The most crucial idea is the following lemma: Lemma: Let $ n$ be some positive integer, greater than $ 3$.For an arbitrary set of points, $ A_1,A_2,\dots, A_n$, define point $ P$, which lies in the plane of points $ A_1,A_2,\dots, A_n$, as a point, sum of distances from which to the points $ A_i$ reaches minimum. Then the following equation holds: \[ \sum_{i = 1}^{n}\frac {\overline{PA_i}}{|PA_i|} = 0 \] Proof: Let me just to sketch it out: Suppose that $ (x,y)$ are the coordinates of the point $ P$, and $ (x_i,y_i)$, where $ i = 0,1,2,\dots,n$, are the coordinates of points $ Q,A_1,A_2,\dots, A_n$, respectively. Denote by $ f_Q(x,y) = |\overline{PQ}|$. If positive reals $ \alpha, \beta$ satisfy to the following conditions: 1. $ \alpha + \beta = 1$ 2. There exist two points $ P'(x',y')$ and $ P''(x'',y'')$, so that: \[ x = \alpha\cdot x' + \beta\cdot x'', y = \alpha\cdot y' + \beta\cdot y'' \] Therefore, $ f_Q(\alpha\cdot x' + \beta\cdot x'', \alpha\cdot y' + \beta\cdot y'') = |\overline{PQ}| < \alpha|\overline{QP'}| + \beta|\overline{QP''}| =$ $ = \alpha f_Q\left(x',y'\right) + \beta f_Q\left(x'',y''\right)$. It means that $ f_Q$ is a strictly convex function, hence, it has only one minimum point. Afterwards, we might use the fact that, in order to reach minimum at some point, for every unit vector $ \overline{e} = (\cos{\alpha},\sin{\alpha})$, derivative of the function in the line of $ e$ must be nonnegative. Using this property and recalling that sum of derivatives is derivative of the sum, we get the desired equation. $ \square$. Obviously if these points, $ A_1,A_2,\dots A_n$ form regular $ n$-gon, then the point $ X$ coincides with center of $ n$-gon. I am going to prove a slightly stronger result, namely, define points $ B_i$ as intersection with circumcircle of $ n$-gon, instead of intersection with its boundary. If $ O$ is the center and $ R$ is the circumradius, then $ \sum_{i = 1}^{n}PA_i + \sum_{i = 1}^{n}PB_i\leq 2 \sum_{i = 1}^{n} OA_i\leq 2\sum_{i = 1}^{n} PA_i$. Therefore, $ \sum_{i = 1}^{n} PA_i\ge \sum_{i = 1}^{n} PB_i$ $ \blacksquare$

Is there any easier, non-calculus proof of Erken's lemma?

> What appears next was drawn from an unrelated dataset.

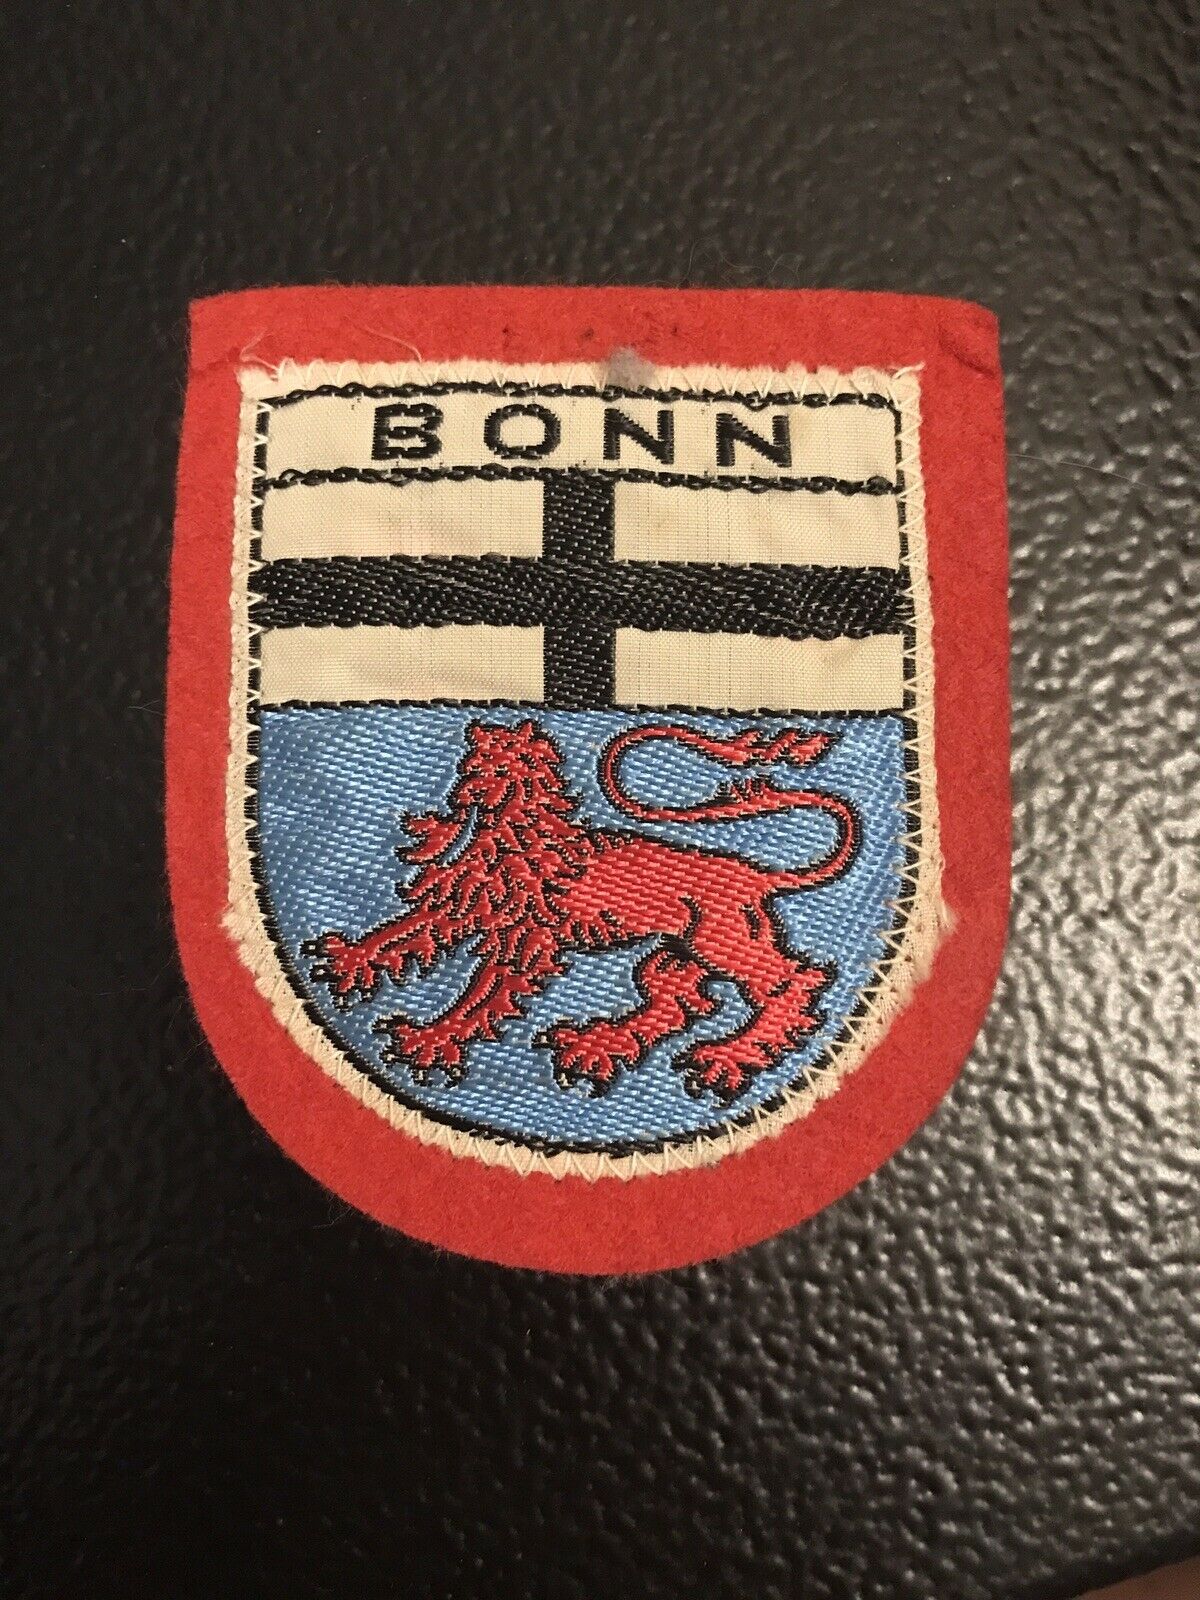 Bonn Germany Coat Of Arms Crest Lion Cross Souvenir Woven Felt Patch Badge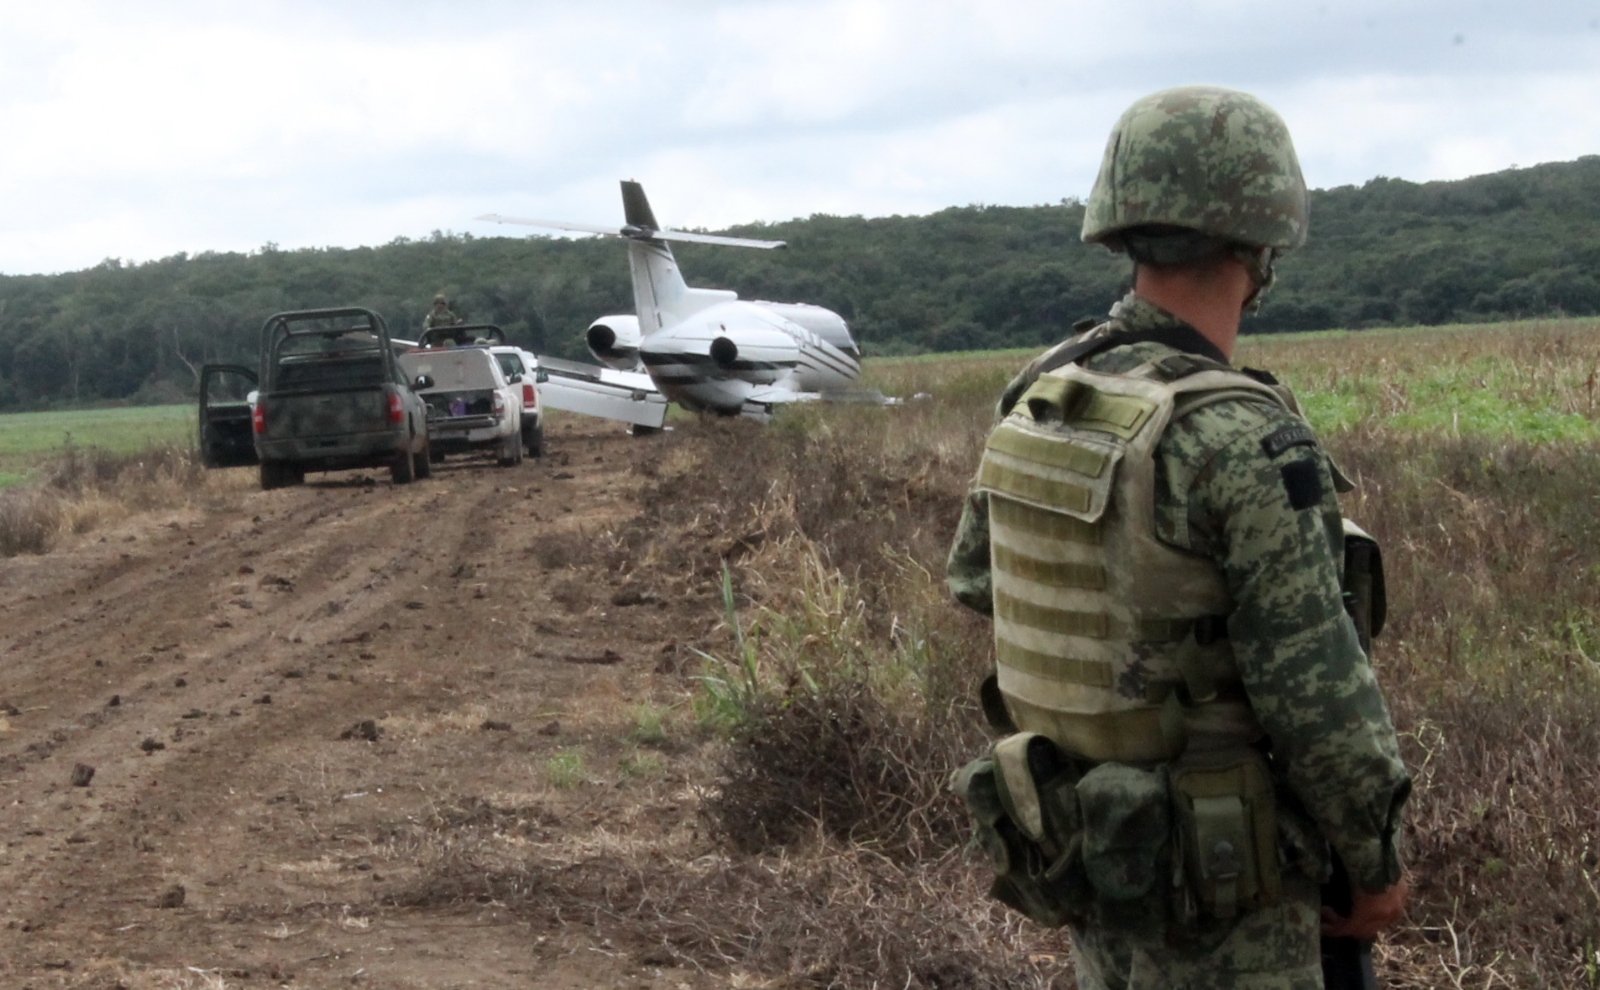 Venta de droga va en aumento en Campeche, más de 31 denuncias: SESNSP

We look $A_i=A_j$ iff $n \mid i-j$ Note that if $k=\lfloor \frac{n}{2} \rfloor +1$, $A_1A_k$ is longest diagonal of that polygons We have $A_iP+PB_i =A_iB_i \leq d$ and $A_iP+PA_{i+k}\geq A_iA_{i+k}=d$ for each $i=1,2,...,n$ Summing up the inequality give us $2\sum_{i=1}^{n}{PA_i} \geq nd \geq \sum_{i=1}^{n}{PA_i +PB_i}$ So $\sum_{i=1}^n{PA_i} \geq \sum_{i=1}^{n}{PB_i}$

ThE-dArK-lOrD wrote: Note that if $k=\lfloor \frac{n}{2} \rfloor +1$, $A_1A_k$ is longest diagonal of that polygons We have $A_iP+PB_i =A_iB_i \leq d$ and $A_iP+PA_{i+k}\geq A_iA_{i+k}=d$ for each $i=1,2,...,n$ when $n$ is even, $A_iA_{i+k}$ is not the longest diagonal of that polygon, but $A_iA_{i+k-1} is$.